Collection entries
■ ■ ■

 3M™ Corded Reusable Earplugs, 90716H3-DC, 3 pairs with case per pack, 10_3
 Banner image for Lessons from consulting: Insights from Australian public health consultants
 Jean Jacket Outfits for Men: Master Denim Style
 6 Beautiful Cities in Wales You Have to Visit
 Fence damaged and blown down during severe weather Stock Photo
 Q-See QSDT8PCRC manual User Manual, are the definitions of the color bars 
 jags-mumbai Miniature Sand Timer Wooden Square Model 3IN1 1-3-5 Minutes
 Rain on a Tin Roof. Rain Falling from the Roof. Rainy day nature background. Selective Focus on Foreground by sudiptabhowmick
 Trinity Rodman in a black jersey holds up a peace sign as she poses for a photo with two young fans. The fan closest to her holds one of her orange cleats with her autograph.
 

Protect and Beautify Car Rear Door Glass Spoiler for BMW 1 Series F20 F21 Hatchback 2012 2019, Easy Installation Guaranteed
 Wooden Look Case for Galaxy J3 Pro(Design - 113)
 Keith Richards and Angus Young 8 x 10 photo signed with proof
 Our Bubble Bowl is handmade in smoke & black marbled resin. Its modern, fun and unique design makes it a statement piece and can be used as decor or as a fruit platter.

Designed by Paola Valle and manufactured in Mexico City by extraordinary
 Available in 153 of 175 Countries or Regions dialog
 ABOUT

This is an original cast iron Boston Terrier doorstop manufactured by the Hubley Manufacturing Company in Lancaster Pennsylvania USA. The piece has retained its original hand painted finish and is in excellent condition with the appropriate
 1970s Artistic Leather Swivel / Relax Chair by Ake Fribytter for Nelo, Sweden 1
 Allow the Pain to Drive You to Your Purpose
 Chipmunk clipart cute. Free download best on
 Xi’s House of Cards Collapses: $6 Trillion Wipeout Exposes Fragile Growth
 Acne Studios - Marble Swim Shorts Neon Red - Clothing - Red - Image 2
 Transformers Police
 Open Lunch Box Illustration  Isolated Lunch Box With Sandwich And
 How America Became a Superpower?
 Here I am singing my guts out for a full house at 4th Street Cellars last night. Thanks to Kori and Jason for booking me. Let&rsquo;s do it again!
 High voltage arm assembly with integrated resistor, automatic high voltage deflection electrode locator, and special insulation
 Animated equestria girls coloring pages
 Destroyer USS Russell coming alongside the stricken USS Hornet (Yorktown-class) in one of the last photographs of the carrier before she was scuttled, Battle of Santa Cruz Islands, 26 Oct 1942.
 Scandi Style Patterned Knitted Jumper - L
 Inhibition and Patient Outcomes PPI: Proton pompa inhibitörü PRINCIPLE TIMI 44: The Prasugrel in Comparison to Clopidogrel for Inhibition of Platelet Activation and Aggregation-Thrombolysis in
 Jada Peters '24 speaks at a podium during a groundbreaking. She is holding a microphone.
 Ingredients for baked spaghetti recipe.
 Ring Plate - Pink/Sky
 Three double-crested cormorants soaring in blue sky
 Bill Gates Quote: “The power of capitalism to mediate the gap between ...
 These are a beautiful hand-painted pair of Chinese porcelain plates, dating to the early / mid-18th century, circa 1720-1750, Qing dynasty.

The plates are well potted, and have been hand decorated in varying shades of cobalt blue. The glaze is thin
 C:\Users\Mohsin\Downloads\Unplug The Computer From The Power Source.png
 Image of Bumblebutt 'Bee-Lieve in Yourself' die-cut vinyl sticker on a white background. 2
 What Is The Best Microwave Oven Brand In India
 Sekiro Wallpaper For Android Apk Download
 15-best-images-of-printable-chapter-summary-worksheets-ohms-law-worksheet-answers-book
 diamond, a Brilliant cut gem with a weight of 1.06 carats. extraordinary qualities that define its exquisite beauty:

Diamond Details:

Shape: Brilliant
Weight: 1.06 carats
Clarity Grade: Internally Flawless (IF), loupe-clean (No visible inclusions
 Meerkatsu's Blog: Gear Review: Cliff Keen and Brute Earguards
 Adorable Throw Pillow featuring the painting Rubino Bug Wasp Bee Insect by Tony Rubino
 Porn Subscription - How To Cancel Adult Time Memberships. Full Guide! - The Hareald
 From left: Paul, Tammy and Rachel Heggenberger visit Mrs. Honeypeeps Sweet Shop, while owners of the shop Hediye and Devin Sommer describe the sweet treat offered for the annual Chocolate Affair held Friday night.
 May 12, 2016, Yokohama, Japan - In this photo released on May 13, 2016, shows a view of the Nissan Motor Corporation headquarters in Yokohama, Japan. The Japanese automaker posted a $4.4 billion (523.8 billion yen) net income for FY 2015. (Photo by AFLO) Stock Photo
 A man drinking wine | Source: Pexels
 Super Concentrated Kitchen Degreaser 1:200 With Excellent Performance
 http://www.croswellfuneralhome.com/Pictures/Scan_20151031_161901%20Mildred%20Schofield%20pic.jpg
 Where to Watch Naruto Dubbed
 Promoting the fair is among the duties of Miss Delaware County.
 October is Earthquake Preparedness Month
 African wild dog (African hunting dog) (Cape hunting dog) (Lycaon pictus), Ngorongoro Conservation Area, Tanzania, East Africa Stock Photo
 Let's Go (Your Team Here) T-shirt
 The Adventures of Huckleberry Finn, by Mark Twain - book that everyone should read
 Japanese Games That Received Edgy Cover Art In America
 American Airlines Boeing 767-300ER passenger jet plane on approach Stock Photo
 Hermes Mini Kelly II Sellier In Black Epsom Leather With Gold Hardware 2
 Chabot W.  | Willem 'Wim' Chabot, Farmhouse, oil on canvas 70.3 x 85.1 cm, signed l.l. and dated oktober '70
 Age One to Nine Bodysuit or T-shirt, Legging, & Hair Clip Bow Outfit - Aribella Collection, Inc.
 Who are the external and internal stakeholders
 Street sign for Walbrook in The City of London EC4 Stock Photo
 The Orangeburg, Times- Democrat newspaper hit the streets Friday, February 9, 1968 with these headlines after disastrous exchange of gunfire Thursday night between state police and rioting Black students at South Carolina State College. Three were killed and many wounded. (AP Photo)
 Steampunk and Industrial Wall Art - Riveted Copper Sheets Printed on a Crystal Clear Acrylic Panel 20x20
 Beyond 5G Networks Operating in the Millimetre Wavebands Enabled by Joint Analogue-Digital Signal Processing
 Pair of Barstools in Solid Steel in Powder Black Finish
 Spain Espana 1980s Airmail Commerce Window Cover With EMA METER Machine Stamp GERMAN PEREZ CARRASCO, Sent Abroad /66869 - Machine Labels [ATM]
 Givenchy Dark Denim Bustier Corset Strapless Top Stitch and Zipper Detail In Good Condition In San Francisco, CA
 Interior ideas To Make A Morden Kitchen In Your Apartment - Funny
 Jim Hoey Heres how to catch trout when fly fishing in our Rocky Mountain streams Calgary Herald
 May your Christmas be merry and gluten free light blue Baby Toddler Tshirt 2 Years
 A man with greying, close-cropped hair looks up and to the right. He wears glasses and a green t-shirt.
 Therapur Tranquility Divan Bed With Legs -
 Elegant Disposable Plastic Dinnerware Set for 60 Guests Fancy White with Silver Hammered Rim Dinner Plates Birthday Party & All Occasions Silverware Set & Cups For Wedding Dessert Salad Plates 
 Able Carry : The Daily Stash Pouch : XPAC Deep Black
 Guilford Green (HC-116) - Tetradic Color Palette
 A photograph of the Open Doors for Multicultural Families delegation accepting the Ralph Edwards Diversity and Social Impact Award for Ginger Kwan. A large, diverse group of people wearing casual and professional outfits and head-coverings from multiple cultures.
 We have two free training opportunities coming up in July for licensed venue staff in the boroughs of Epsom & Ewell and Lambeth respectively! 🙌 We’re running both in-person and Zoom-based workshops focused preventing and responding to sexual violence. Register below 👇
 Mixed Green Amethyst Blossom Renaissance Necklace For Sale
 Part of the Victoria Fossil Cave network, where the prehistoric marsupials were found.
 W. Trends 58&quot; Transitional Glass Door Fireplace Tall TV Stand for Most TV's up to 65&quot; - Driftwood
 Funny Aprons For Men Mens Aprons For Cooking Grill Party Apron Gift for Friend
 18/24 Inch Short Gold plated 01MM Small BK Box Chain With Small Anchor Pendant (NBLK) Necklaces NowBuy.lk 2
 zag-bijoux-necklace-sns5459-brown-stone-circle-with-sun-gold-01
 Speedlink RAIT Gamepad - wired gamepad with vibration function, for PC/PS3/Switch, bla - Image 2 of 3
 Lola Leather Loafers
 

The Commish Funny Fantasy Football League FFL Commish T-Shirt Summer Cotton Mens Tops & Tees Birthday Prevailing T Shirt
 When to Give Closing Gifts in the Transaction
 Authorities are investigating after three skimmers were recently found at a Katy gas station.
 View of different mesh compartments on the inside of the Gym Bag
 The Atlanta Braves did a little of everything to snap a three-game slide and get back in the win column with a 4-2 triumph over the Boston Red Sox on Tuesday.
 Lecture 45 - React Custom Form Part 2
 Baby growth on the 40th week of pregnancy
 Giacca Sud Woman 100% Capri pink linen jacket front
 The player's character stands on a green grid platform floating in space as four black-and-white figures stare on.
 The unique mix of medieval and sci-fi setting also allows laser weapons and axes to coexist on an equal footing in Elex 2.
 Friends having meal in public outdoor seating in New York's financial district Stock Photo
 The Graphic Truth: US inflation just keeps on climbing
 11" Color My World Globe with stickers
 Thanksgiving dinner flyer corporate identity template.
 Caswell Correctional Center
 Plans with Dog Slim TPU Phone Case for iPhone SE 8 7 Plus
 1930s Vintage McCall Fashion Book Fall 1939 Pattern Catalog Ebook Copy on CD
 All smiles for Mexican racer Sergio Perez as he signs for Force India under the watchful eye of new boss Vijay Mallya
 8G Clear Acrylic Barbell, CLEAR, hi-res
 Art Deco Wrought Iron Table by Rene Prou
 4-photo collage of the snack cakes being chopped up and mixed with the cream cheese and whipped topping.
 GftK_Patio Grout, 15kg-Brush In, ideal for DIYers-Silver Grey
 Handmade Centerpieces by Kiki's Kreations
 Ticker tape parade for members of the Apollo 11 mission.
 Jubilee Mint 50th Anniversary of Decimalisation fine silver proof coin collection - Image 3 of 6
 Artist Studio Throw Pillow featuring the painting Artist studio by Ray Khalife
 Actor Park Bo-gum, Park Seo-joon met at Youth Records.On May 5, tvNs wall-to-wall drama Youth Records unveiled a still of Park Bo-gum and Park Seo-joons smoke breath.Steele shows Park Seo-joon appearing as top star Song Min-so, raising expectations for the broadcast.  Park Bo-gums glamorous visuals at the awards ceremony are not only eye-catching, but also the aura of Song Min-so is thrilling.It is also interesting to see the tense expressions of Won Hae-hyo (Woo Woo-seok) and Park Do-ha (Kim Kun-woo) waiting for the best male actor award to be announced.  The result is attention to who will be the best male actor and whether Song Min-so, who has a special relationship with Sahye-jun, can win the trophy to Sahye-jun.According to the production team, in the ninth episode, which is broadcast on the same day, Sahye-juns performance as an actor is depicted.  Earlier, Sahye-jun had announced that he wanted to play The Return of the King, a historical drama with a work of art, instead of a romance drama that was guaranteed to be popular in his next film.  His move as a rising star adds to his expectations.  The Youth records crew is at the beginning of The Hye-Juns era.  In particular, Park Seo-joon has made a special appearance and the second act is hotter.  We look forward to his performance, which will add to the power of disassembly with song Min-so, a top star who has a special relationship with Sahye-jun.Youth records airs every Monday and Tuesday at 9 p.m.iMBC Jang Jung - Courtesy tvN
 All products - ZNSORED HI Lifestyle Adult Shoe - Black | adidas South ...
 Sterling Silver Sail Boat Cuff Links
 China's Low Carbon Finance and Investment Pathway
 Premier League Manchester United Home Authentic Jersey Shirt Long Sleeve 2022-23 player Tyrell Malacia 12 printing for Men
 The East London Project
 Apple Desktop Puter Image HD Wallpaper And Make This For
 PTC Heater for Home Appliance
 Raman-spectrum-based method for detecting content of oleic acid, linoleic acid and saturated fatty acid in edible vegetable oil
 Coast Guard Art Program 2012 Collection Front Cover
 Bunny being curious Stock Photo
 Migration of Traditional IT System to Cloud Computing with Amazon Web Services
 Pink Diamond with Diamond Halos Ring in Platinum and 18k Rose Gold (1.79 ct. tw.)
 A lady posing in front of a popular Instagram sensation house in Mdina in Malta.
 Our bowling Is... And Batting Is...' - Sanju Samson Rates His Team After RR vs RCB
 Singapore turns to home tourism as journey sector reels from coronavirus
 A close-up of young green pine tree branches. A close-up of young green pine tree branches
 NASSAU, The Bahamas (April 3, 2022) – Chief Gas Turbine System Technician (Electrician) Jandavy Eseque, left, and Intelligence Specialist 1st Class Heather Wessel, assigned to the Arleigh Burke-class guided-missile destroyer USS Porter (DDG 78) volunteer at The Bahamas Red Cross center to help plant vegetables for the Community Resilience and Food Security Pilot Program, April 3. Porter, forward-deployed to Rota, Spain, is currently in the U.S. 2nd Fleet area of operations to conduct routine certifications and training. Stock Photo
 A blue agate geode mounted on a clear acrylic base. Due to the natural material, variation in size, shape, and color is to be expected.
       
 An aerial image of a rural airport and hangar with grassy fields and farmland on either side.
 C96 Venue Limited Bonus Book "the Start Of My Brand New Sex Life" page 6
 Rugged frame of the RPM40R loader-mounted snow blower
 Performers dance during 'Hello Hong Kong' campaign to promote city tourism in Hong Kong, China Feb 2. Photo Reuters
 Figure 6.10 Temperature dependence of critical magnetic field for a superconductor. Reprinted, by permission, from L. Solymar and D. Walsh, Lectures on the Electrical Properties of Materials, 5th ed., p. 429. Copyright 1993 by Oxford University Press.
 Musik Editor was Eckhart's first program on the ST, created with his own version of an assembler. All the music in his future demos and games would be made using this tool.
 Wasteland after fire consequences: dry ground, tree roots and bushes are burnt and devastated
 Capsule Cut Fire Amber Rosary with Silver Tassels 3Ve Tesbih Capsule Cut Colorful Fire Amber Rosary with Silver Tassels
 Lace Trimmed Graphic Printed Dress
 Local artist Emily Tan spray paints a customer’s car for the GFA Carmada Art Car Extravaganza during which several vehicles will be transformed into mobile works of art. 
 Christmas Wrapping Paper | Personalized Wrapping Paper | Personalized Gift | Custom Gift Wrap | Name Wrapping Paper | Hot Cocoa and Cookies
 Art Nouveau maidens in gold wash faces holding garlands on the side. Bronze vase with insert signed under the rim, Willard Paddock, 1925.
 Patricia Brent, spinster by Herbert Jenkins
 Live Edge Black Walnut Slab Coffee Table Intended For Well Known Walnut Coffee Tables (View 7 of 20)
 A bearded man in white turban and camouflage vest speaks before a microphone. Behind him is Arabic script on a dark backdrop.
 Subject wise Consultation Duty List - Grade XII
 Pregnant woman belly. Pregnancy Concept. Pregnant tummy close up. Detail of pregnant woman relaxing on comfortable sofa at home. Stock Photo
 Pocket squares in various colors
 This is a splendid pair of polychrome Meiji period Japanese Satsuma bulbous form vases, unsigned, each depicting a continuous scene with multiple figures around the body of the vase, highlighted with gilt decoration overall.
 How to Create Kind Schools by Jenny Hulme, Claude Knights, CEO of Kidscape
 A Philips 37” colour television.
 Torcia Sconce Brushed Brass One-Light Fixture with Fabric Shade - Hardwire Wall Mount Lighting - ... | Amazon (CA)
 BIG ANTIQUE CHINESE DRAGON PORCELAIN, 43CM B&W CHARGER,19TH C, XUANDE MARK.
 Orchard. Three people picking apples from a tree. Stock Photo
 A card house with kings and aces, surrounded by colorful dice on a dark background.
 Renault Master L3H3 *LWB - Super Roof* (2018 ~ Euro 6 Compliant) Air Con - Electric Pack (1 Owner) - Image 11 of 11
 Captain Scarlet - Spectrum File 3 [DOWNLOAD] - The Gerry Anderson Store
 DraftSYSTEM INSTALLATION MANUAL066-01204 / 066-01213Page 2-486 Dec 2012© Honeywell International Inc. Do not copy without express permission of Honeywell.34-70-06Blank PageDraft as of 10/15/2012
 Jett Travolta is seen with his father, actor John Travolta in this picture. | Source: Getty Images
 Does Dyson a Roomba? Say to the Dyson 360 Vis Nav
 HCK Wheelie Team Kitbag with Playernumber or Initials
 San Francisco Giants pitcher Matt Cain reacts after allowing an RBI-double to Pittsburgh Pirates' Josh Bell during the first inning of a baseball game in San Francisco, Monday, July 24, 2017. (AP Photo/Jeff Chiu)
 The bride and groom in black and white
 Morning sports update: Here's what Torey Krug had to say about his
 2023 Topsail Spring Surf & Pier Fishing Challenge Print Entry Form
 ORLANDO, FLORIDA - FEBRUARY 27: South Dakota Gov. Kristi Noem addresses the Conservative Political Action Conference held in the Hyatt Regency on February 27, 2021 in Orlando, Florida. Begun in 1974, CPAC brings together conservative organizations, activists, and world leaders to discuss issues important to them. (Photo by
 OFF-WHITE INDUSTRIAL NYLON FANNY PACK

■ ■ ■

WHAT YOU HAVE TO DO
For the word "public", count the lines in the records that contain it. Give the number and no other words.

RESULT FOR THIS EXERCISE
2